RE: [squid-users] Caching Web sites

From: <[email protected]>
Date: Mon, 10 Dec 2001 20:54:08 -0800

Or, the answer would be have a redirector write the redirected (cached) URLs
to a database, which can be queried for unique values by a script automating
wget. Or use the redirector to fork off wget to preemtively follow links.
Serves the same end. A script based redirector like Pyredir should be easy
enough to hack to do this.

Sean

-----Original Message-----
From: Andrew Reid [mailto:andrew.reid@plug.cx]
Sent: Sunday, December 09, 2001 9:05 PM
To: squid-users@squid-cache.org
Cc: mapunda@muchs.ac.tz; squid-users@squid-cache.org
Subject: Re: [squid-users] Caching Web sites

On Sun, Dec 09, 2001 at 08:54:19PM -0800, sean.upton@uniontrib.com wrote:

> Prime with wget -r and a cron job on a client. This is frequently
> recommended as the easiest way to do this.

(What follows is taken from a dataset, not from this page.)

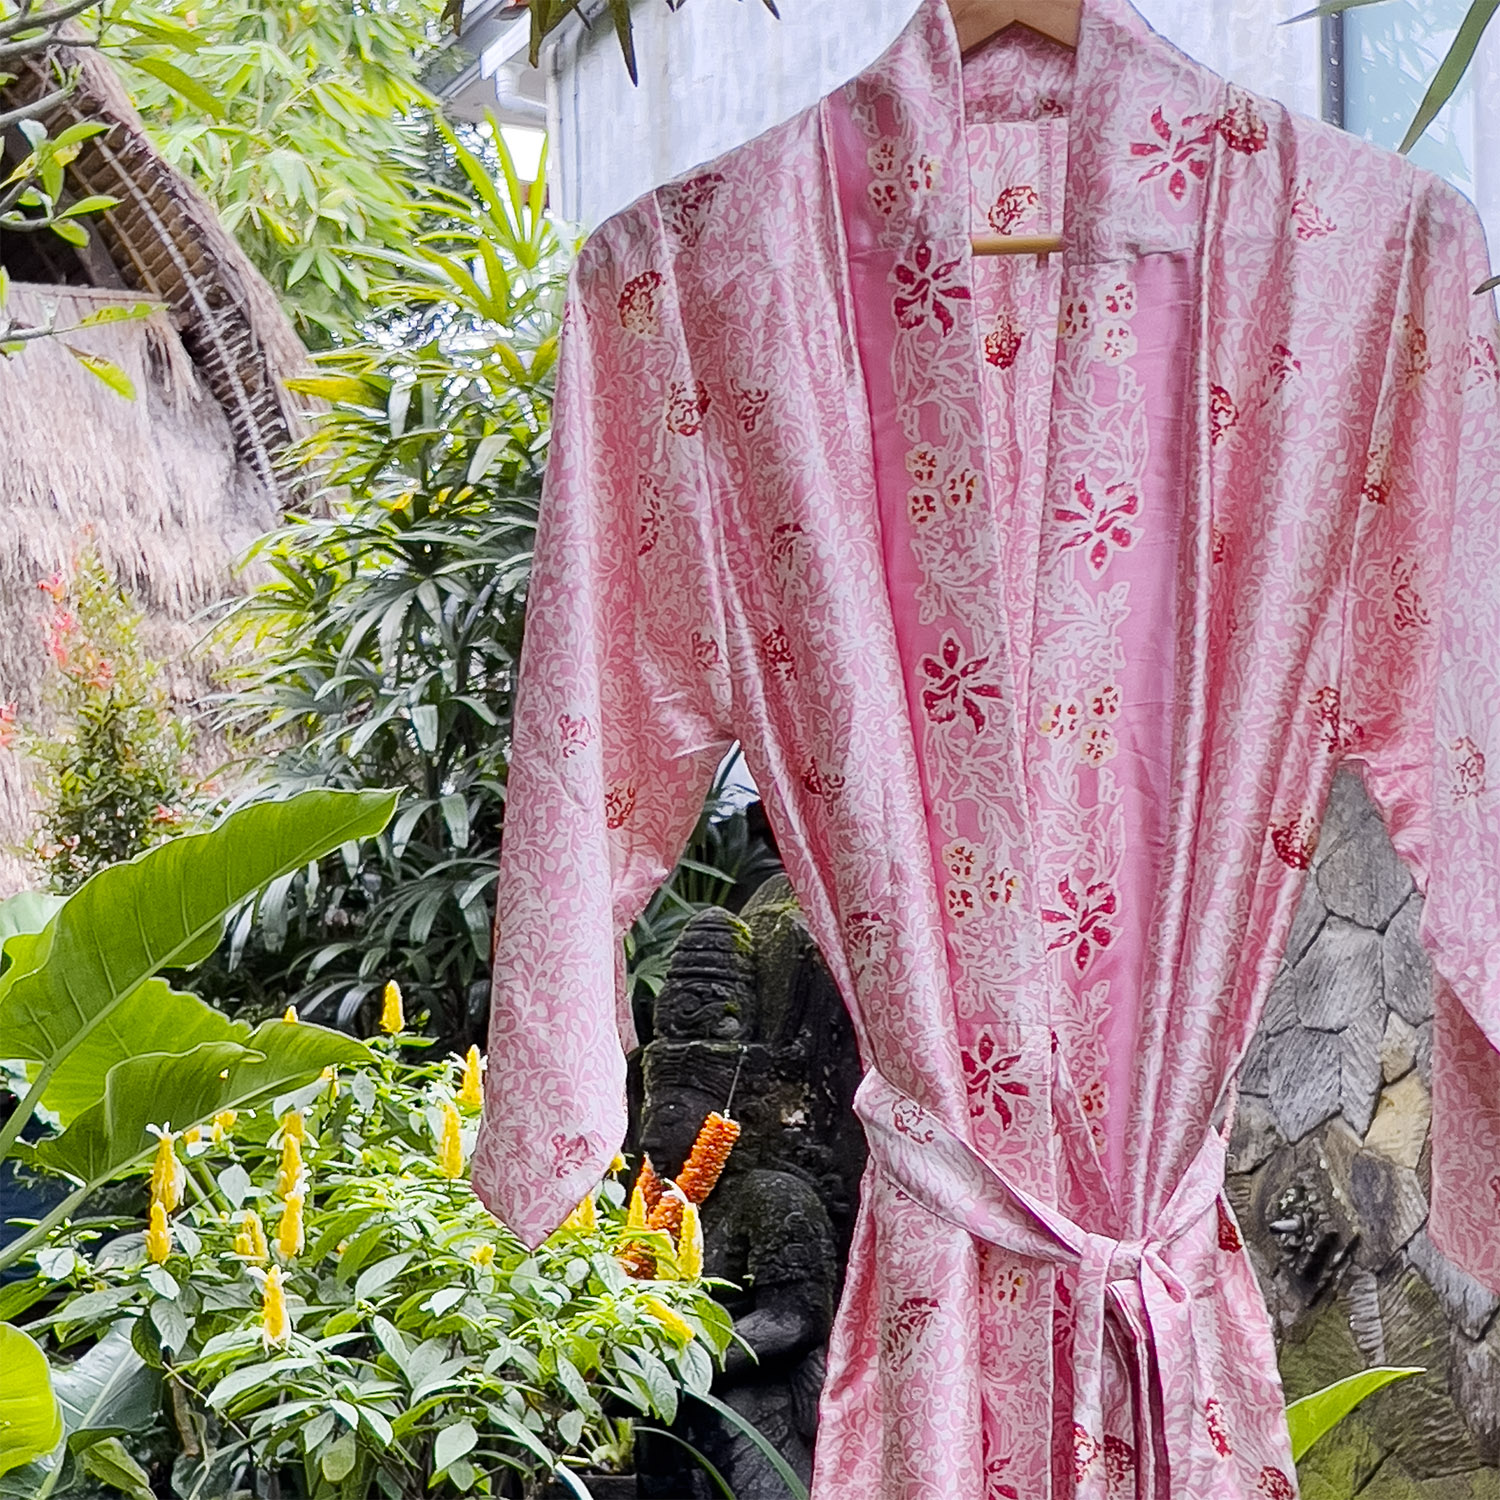 Silk Robes, fair fashion from Bali

But, you see, this isn't what he's after.

Perhaps with some log analysis, you could generate a list of
frequently used sites and cache them to the proxy server.

I'd guess that you could either implement some sort of redirection
(such as squidGuard) that redirects users to locally cached copies of
the data.

... but that's not the ideal way of doing it. It would be good if it
was cached to the Squid cache store. However, many objects would
probably expire (or worse still, never make it to the cache) before
they were able to be used.

The thing that is interesting about this issue in general is that if
the frequently used sites were cacheable, Squid would cache them
appropriately, giving quick access to the objects from its cache
store. I don't see the point in re-downloading objects that may not be
cacheable or are already cached.

Perhaps the answer is some sort of preemptive caching. For example,
when I pull up freshmeat.net, Squid should automatically start
downloading the images and banner ads before the client makes the
request. Perhaps it could even cache some of the pages that
freshmeat.net is directly linking to, n levels deep.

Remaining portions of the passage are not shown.